/AI/ Human Pose Estimation with Occlusion (PoseResnet, HRNet, ViTPose)

目录

This is a project of NTU CE7454: Deep Learning for Data Science. The report is here.

Human Pose Estimation (HPE) has been popular in the computer vision community. Various deep learning models have been proposed to achieve superior performance on HPE. However, if parts of the objects are occluded, their performances would degrade due to the loss of context and semantics. Towards this problem, this work proposes an artificial occlusion transformation to imitate in-the-wild occlusions. Its use is tested on three well-known HPE models reproduced by ourselves, i.e., SimpleBaseline, HRNet, and ViTPose. We first show how their performances have been affected when presented with occluded images. Experiments were then conducted to investigate the optimal occlusion settings. Finally, we concluded that fine-tuning images with occlusions could boost the robustness of the model.

We evaluate the performance of three models on the MPII in various occlusion settings. First, it is important to note the significant drop in performance when testing the performance of models trained on non-occluded samples (i.e., the original train and test set) on our occluded test set. The drop in performance ranges from 4% to 30% in different models. It is interesting to note that while HRNet boasts superior performance under non-occluded settings as compared to PoseResnet, the drop in performance of the former is much sharper when occlusion is introduced. Amongst the three models, ViTPose is most robust towards occlusion as suggested by the least drop in performance. This is probably due to MAE’s ability to reduce the noise of input data. By masking random patches of the image, which is similar to our occlusion settings, the model is able to reconstruct the missing patches and learn a better representation of the input images.

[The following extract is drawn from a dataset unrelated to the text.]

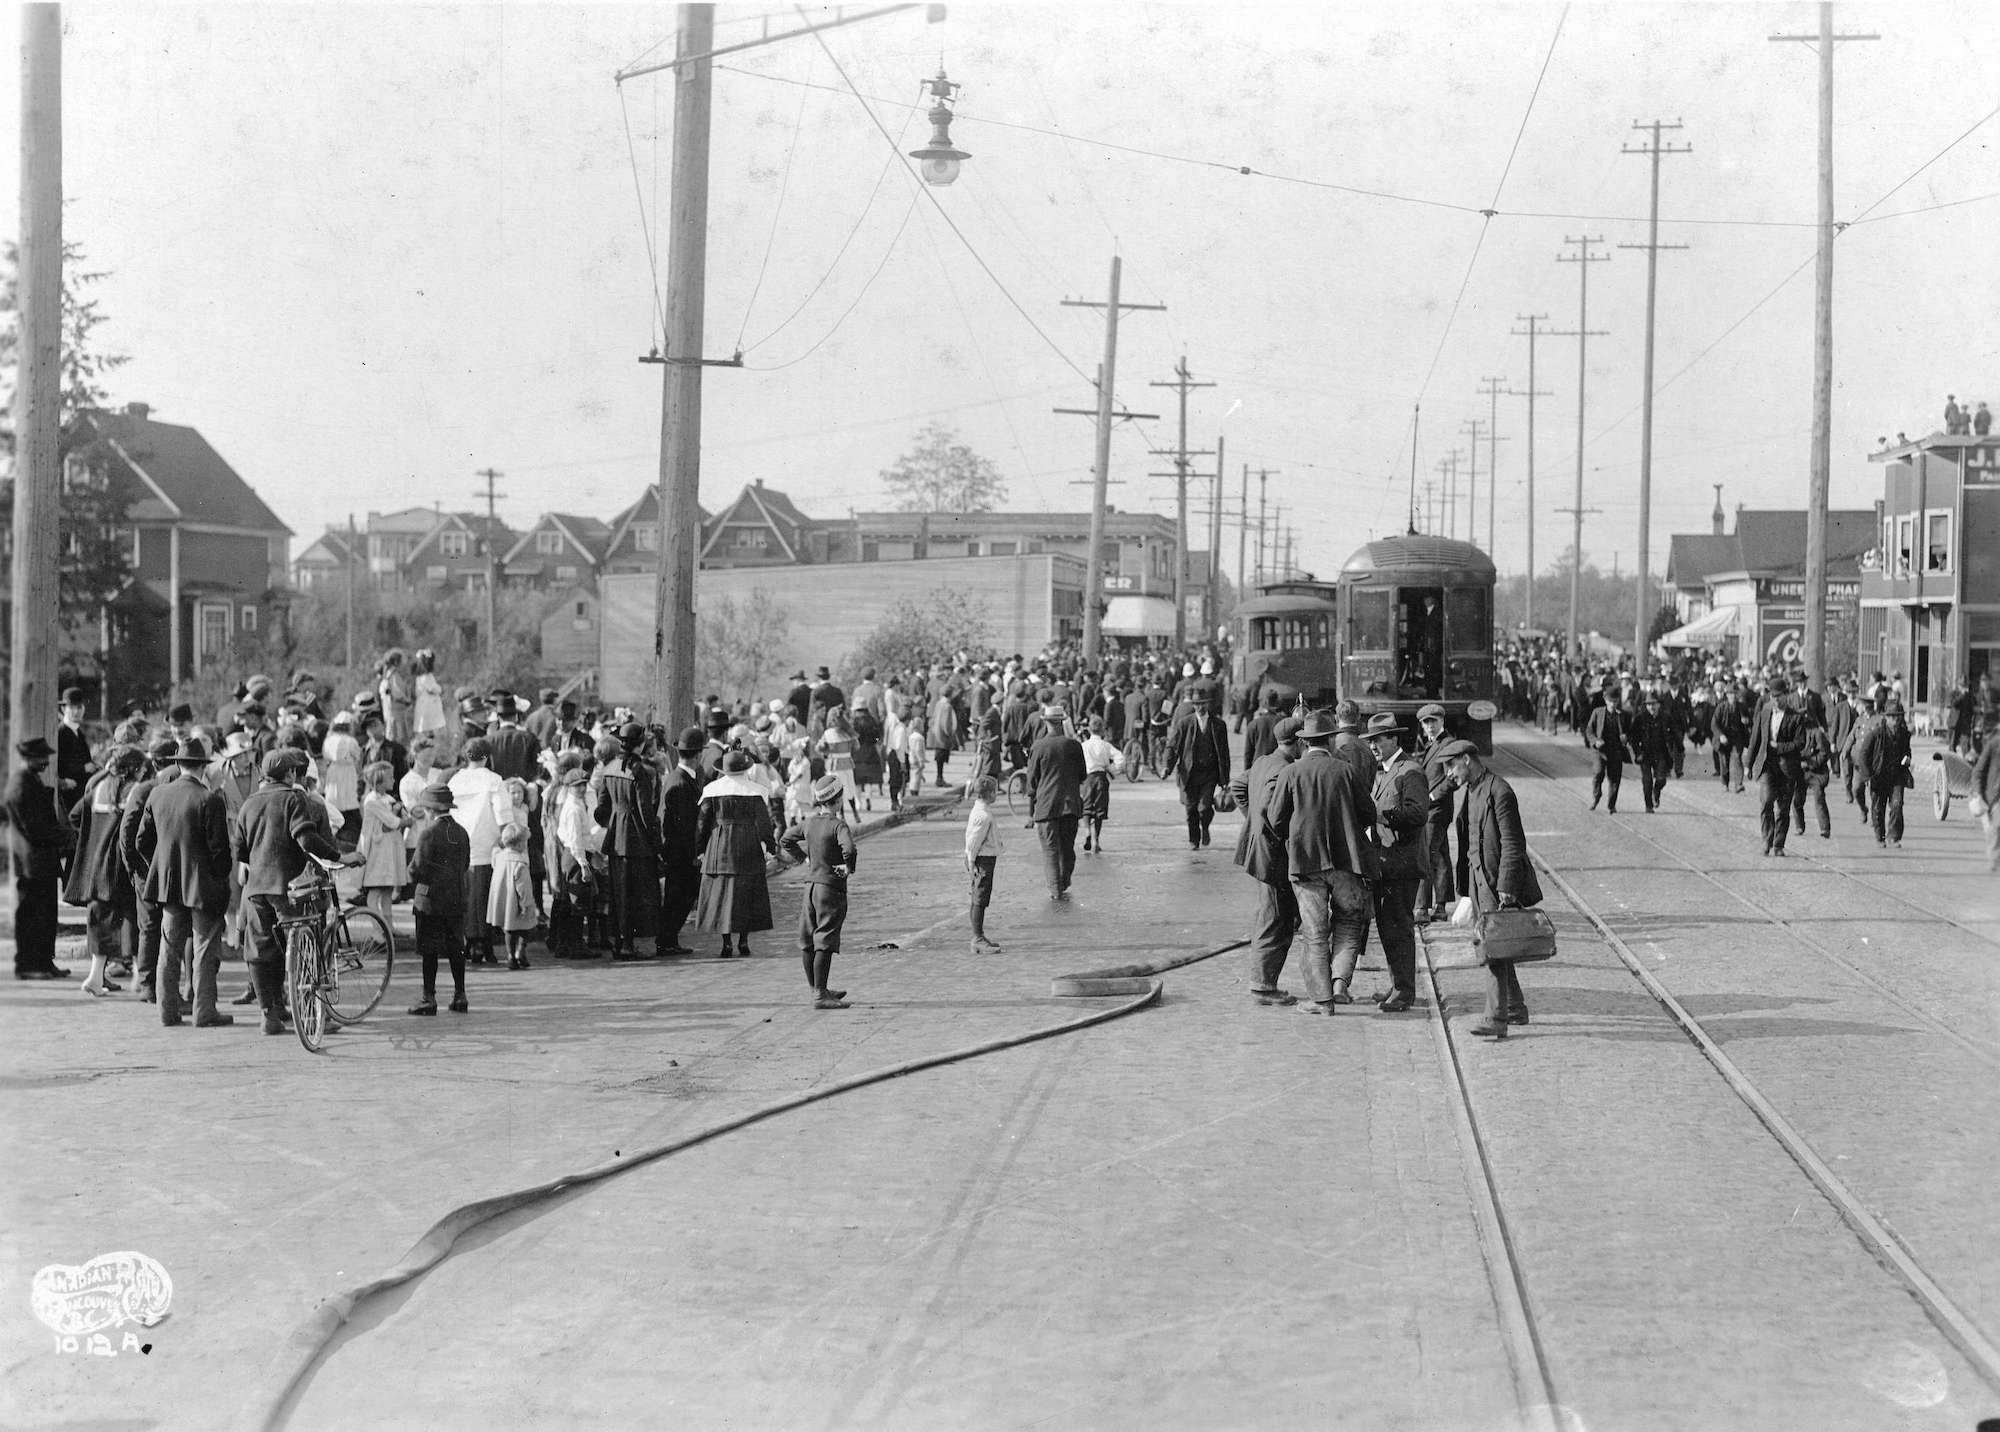 1918 - Crowds gather after a streetcar was derailed by the No. 11 V.F.D. hosewagon at 12th Avenue and Commercial Drive

Table reports the pose estimation performance of each model under various occlusion settings. The NO column represents the ideal scenario where the entire human body is visible in an image, whereas the O column resembles real-life settings where parts of the human body might be blocked by other human or obstacles. Under the occluded test set setting (O column), it is observed that model trained with non-zero p_occ has a higher score than model trained with zero p_occ, which supports our initial hypothesis - a model trained for a difficult task is performing better as compared to a model trained for a easy task. While all three models perform better using occluded training set, the performance gap for ViTPose is relatively smaller than those in PoseResnet and HRNet, which suggests that transformer based methods are inherently more robust than CNN based methods, therefore less occlusion is needed during training. Under the non-occluded test set setting (NO column), it appears that there is minimal to no benefit when using higher p_occ values, \ie, more occluded samples in train set. The overall results imply that the choice of p_occ value for optimal performance depends on the actual data distribution (\% of occluded data in the test set) and the type of model used (CNN based or transformer based).